The moves are aimed wooing investors and kick starting the
struggling economy before the scandal-tainted Congress government faces voters
in general elections due by May 2014.
"We expect more foreign direct investment to flow in with
these decisions," commerce minister Anand Sharma told an evening news
conference.
The government is seeking to rebuild confidence in the economy
which grew at its slowest pace in a decade at five percent and boost the ailing
rupee which has hit a string of lifetime lows in recent weeks.
Among the steps, the ministers at a meeting chaired by Congress
Premier Manmohan Singh approved raising the ceiling on foreign direct
investment (FDI) in telecommunications to 100 percent from 74 percent.
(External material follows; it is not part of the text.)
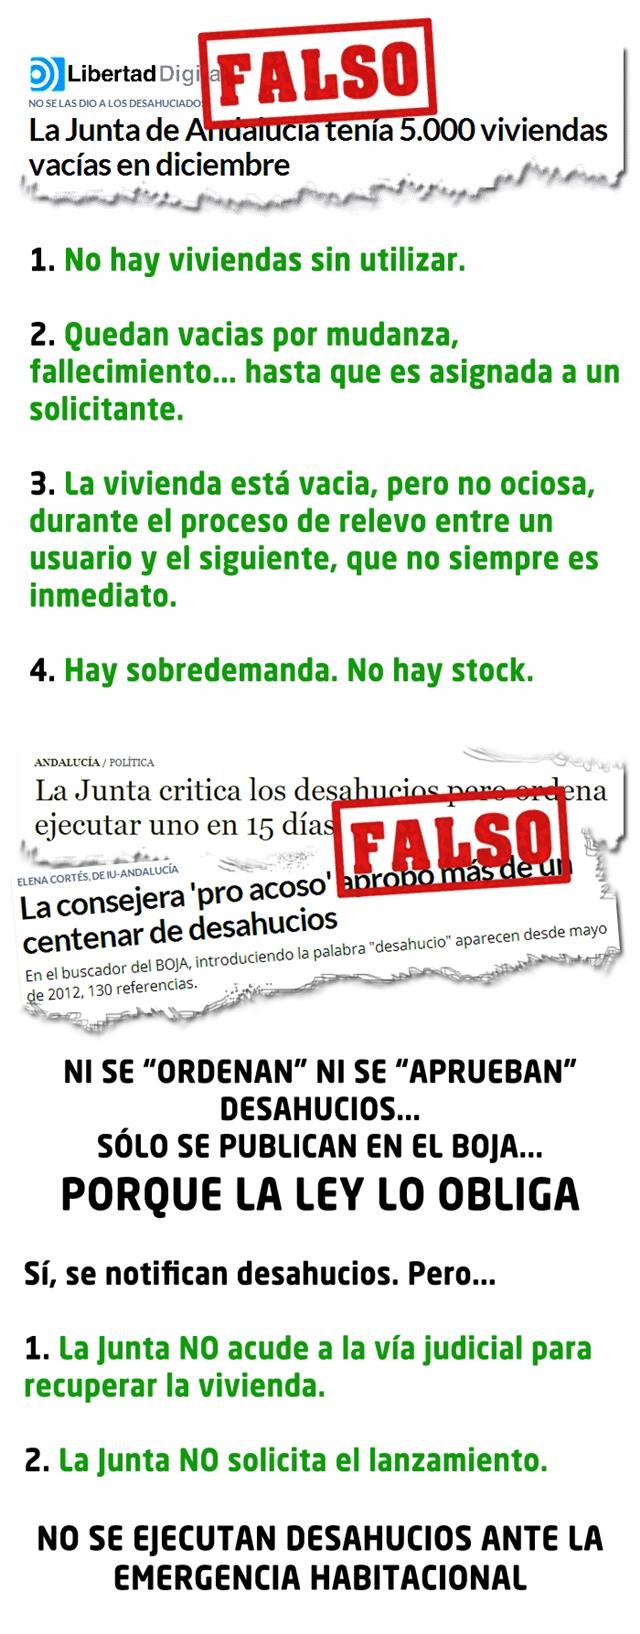 20130411175407-falso.jpg

They also decided to abolish the need for government approval
for certain levels of foreign investment in single-brand retail and petroleum
refining. In insurance, it approved raising the FDI cap from 26 percent to 49
percent.
But in the contentious area of defence, the FDI cap will remain
at 26 percent with proposals beyond that considered on a case-by-case basis.
The ministers' decisions will still require the approval of the
full cabinet -- likely to come at a meeting next week -- and the move to hike
the insurance cap requires parliamentary clearance, Sharma said.
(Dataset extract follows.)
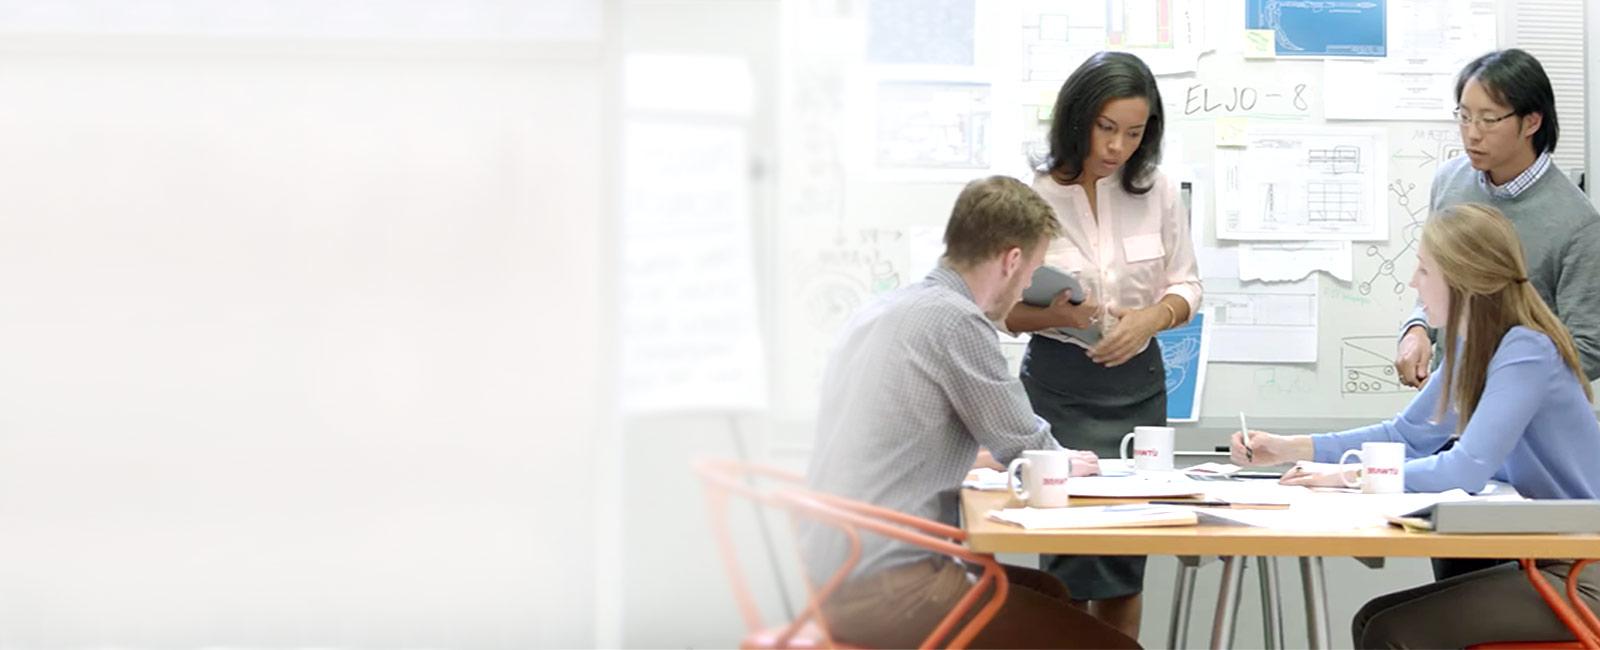 白板前铺满文件的桌旁站着的两人和坐着的两人。

The announcement came after Finance Minister P. Chidambaram
visited the United States for a second time in three months last week to
reassure foreign companies that India remained a hospitable place to invest.
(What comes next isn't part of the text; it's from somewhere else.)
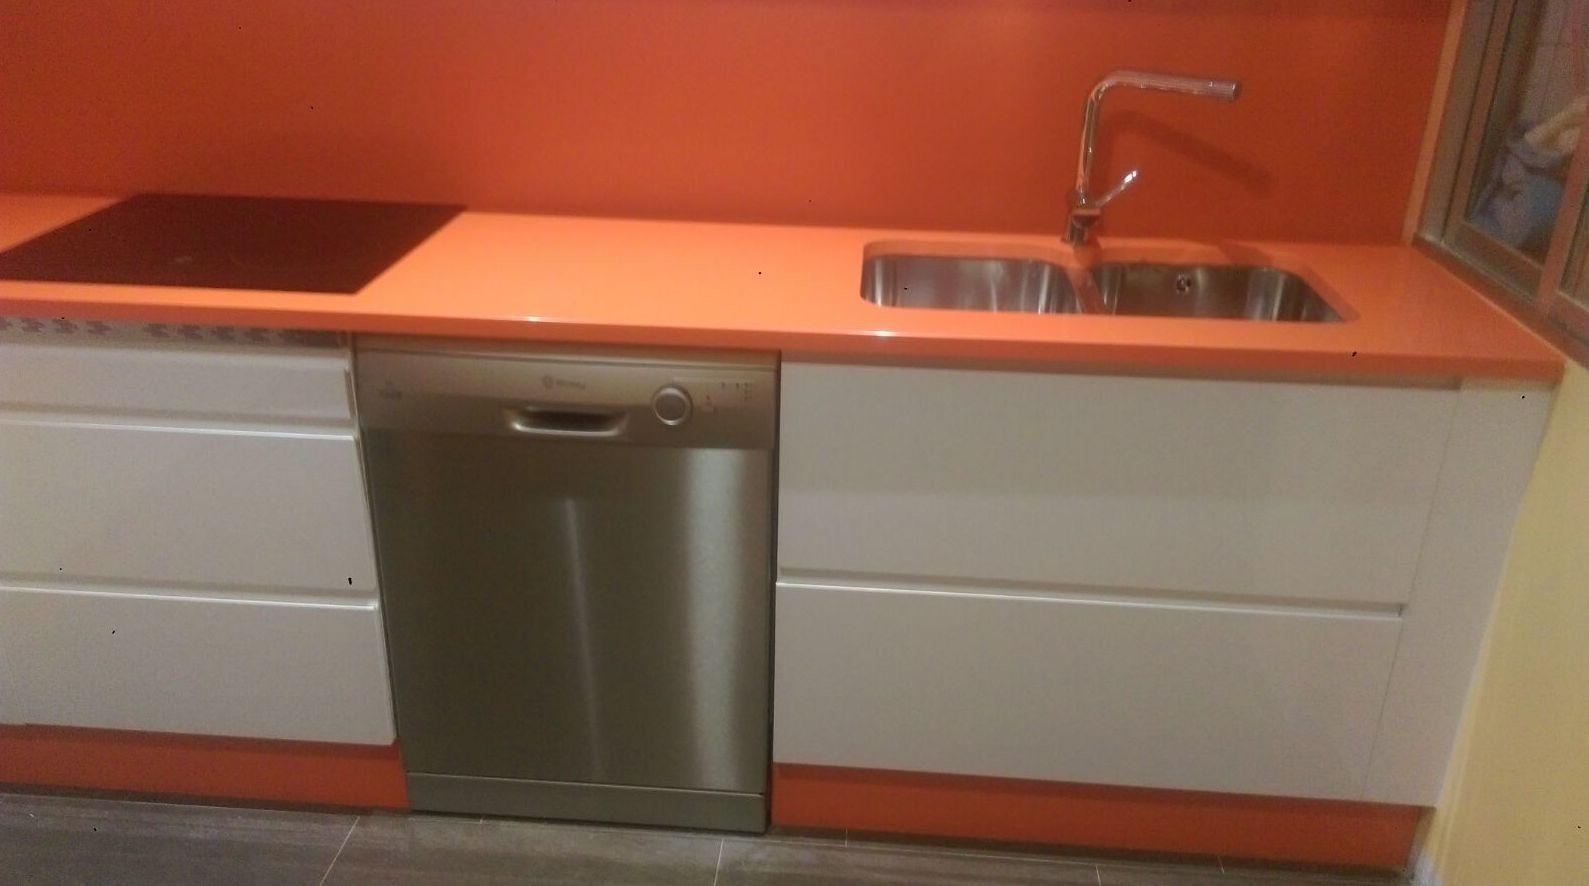 Fregadero y lavavajillas de cocina particular

"We welcome the move and it indicates that reforms are
underway," said Federation of Chambers of Commerce and Industry president
Naina Lal Kidwai.
FDI in India -- seen as vital to improving its shabby
infrastructure and boost manufacturing to employ its burgeoning youth
population plunged to $22.4 billion last year from 36.5 the previous year,
government figures show.
Underscoring foreign investor unhappiness with India, South
Korean steel giant Posco scrapped a $5.3-billion deal to build a steel plant in
the southern state of Karnataka due to land acquisition delays and local
opposition.
Economists say India needs foreign investment to spur growth and
also to close its wide current account deficit -- the broadest measure of
international trade -- that has alarmed global credit ratings agencies.
To improve India's investment attractiveness, economists say the
government must reduce the country's burdensome red tape, speed up slow project
approvals and lessen widespread corruption.
The government has been dogged by a string of graft scandals
during its second term in office, which has derailed many of its efforts to
push through promised pro-market reforms.
Last year, the government opened up the supermarket, civil
aviation and broadcasting sectors to wider foreign investment in a burst of
reforms after being accused of policy paralysis.